Permanent Partial Disability
Permanent partial disability (PPD) benefits apply when a worker suffers a permanent disability that partially impairs their ability to work. This could be because of the loss of use of a body part or a decrease in overall physical capability.
However, the amount of PPD benefits you receive depends on the body part affected and the extent of the impairment. These benefits are paid after the treating physician has determined that you have reached maximum medical improvement (MMI), which means your condition is unlikely to improve further with treatment.
Temporary Total Disability
If you sustain a work-related injury that temporarily prevents you from working, you might be entitled to temporary total disability (TTD) benefits. TTD benefits are similar to TPD benefits and typically amount to two-thirds of your average weekly wage before the injury, subject to a maximum limit.
You will continue to receive these benefits until you are able to return to work, reach maximum MMI, or exhaust the legal time limit.
Permanent Total Disability
When an employee suffers a work injury that permanently prevents them from returning to any form of gainful employment, they might be classified as permanently and totally disabled (PTD). This is the most severe classification of work-related injuries.

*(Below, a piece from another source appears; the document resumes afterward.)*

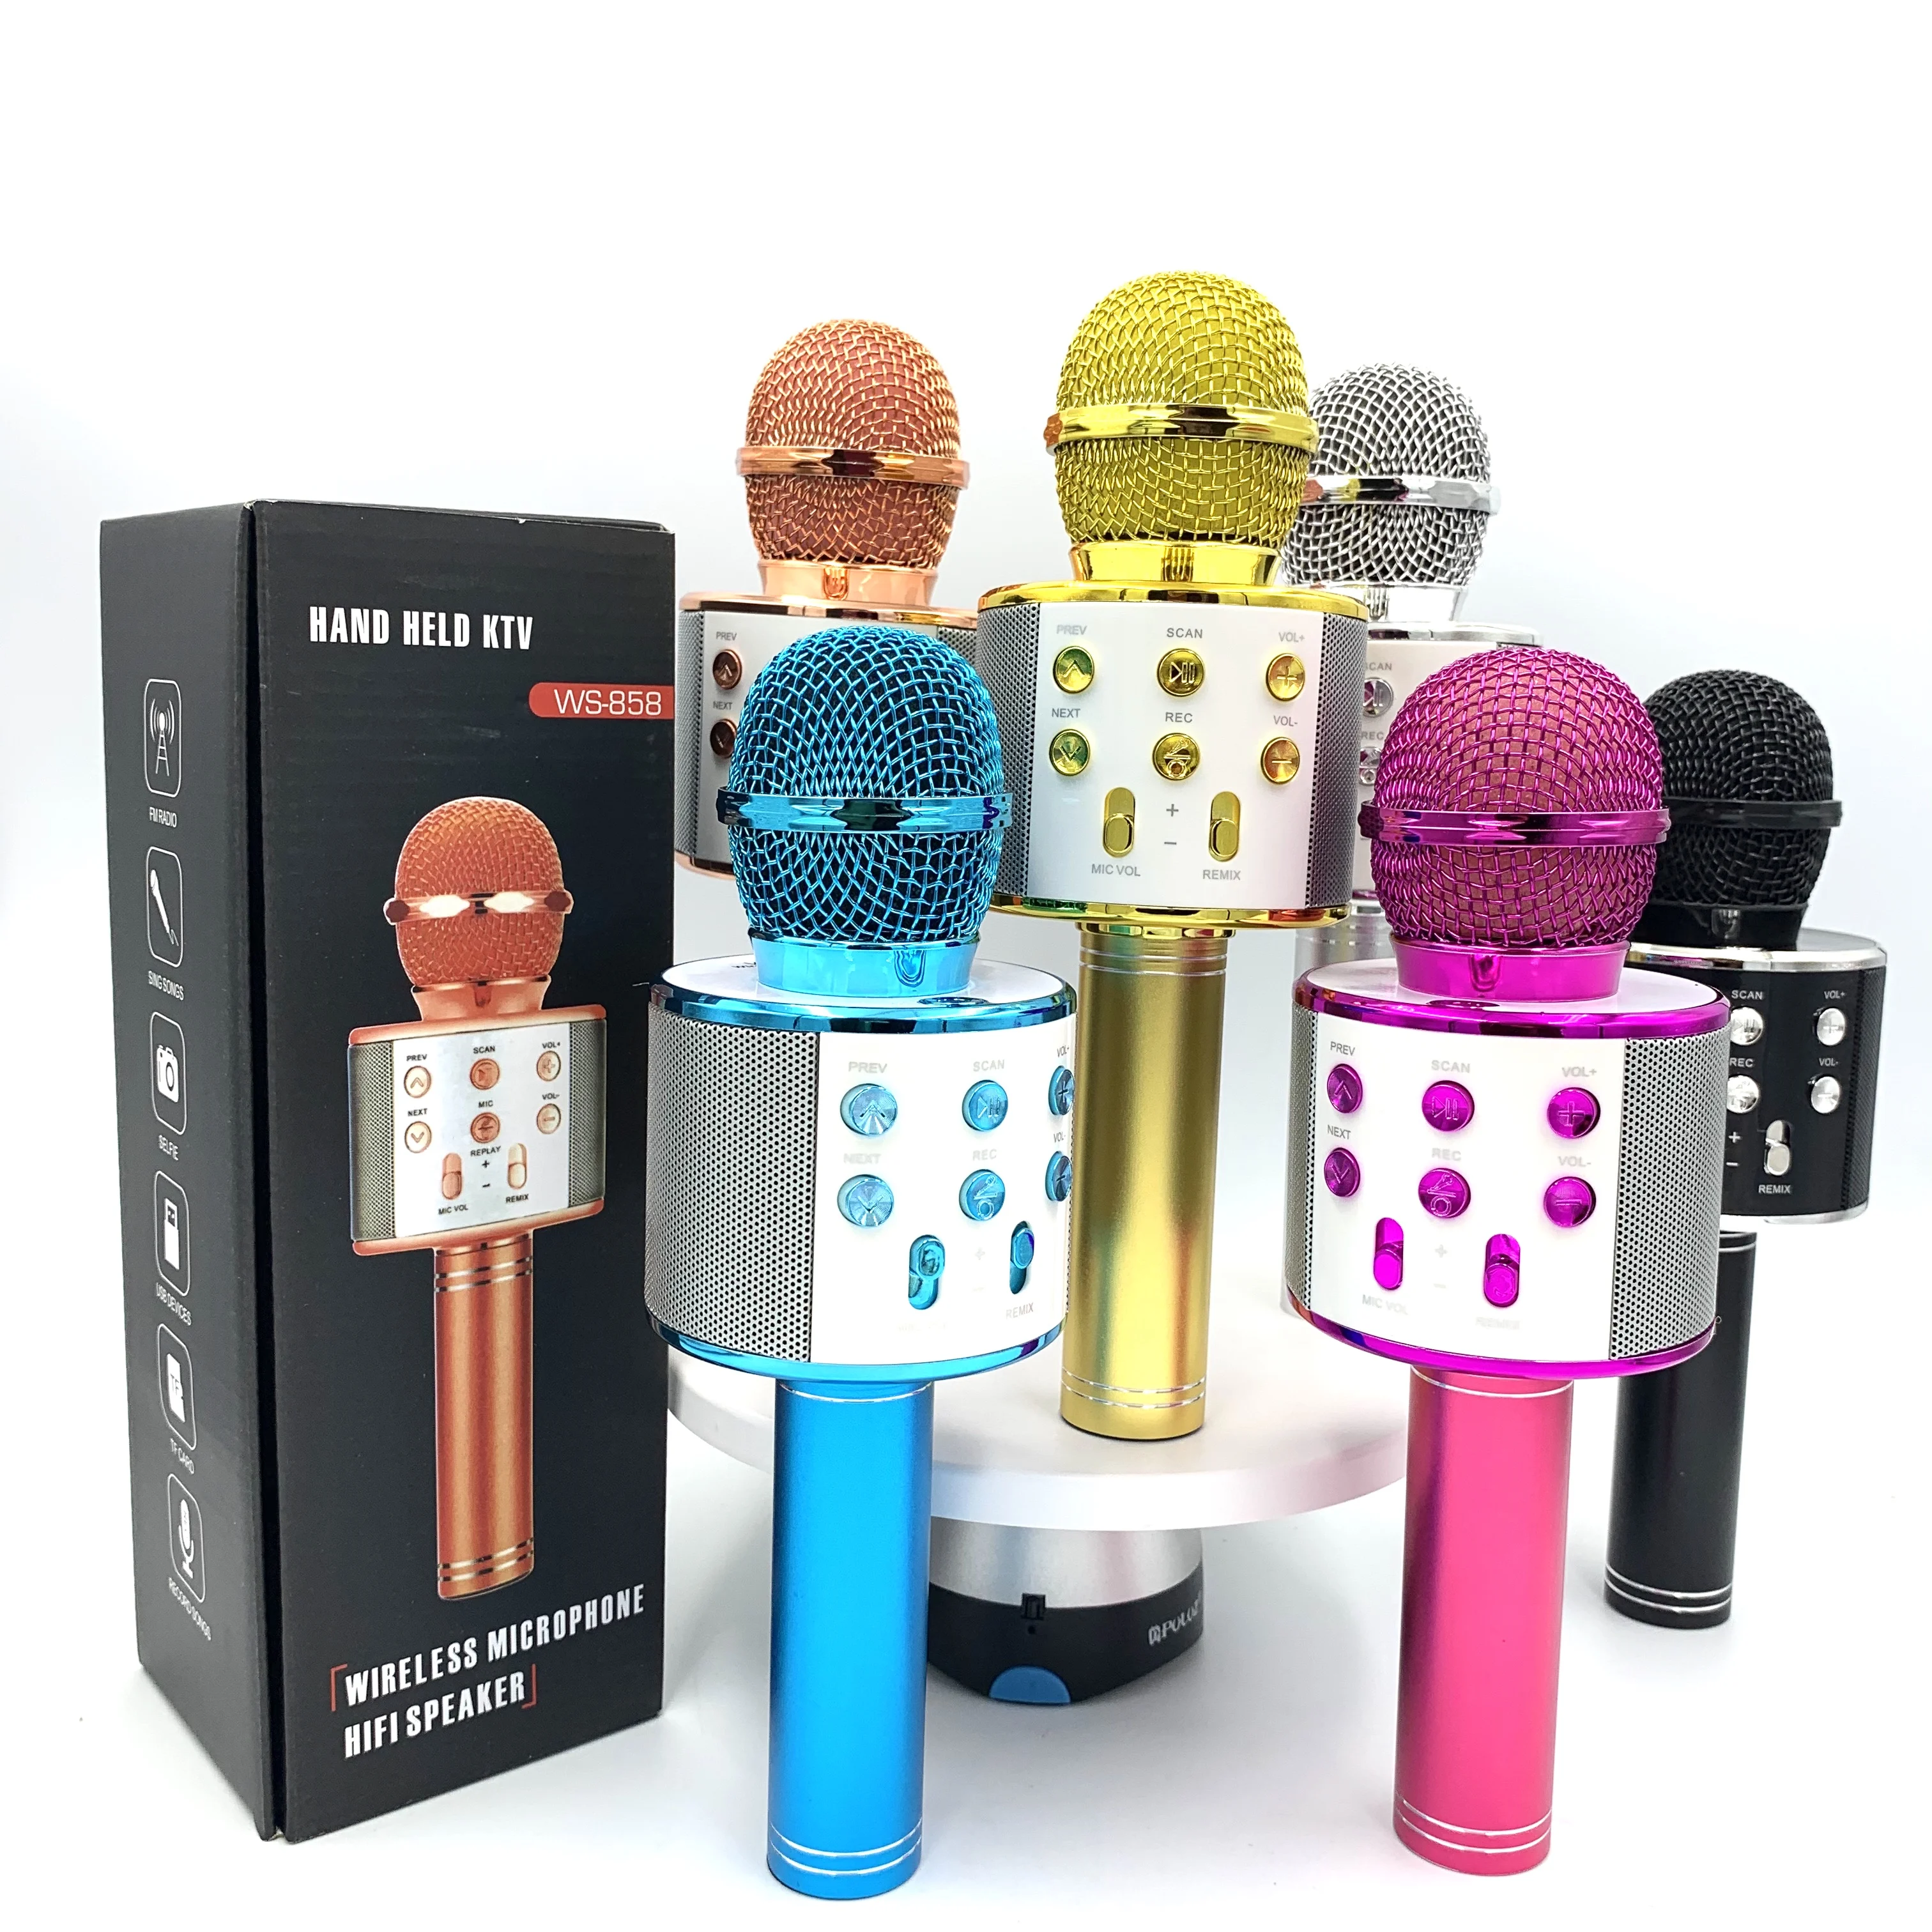 

Ws858 Professional Microfonos Mic Magic Sing Led Kid Portable Speaker Ws 858 Wireless Karaoke Microphone For Home Party Ktv Tv, Black/rose gold/gold/blue/purple

PTD benefits are also calculated as two-thirds of your pre-injury average weekly wage. However, the actual amount you receive will depend on how much you were earning before your injury. These benefits can potentially last for life, depending on the nature and extent of the disability.
Keep in mind that PTD benefits are only available if you are permanently unable to work in any capacity. If you are able to return to work, even in a limited capacity or with restrictions, you might be eligible for other types of benefits, such as temporary total disability (TTD) benefits or permanent partial disability (PPD) benefits.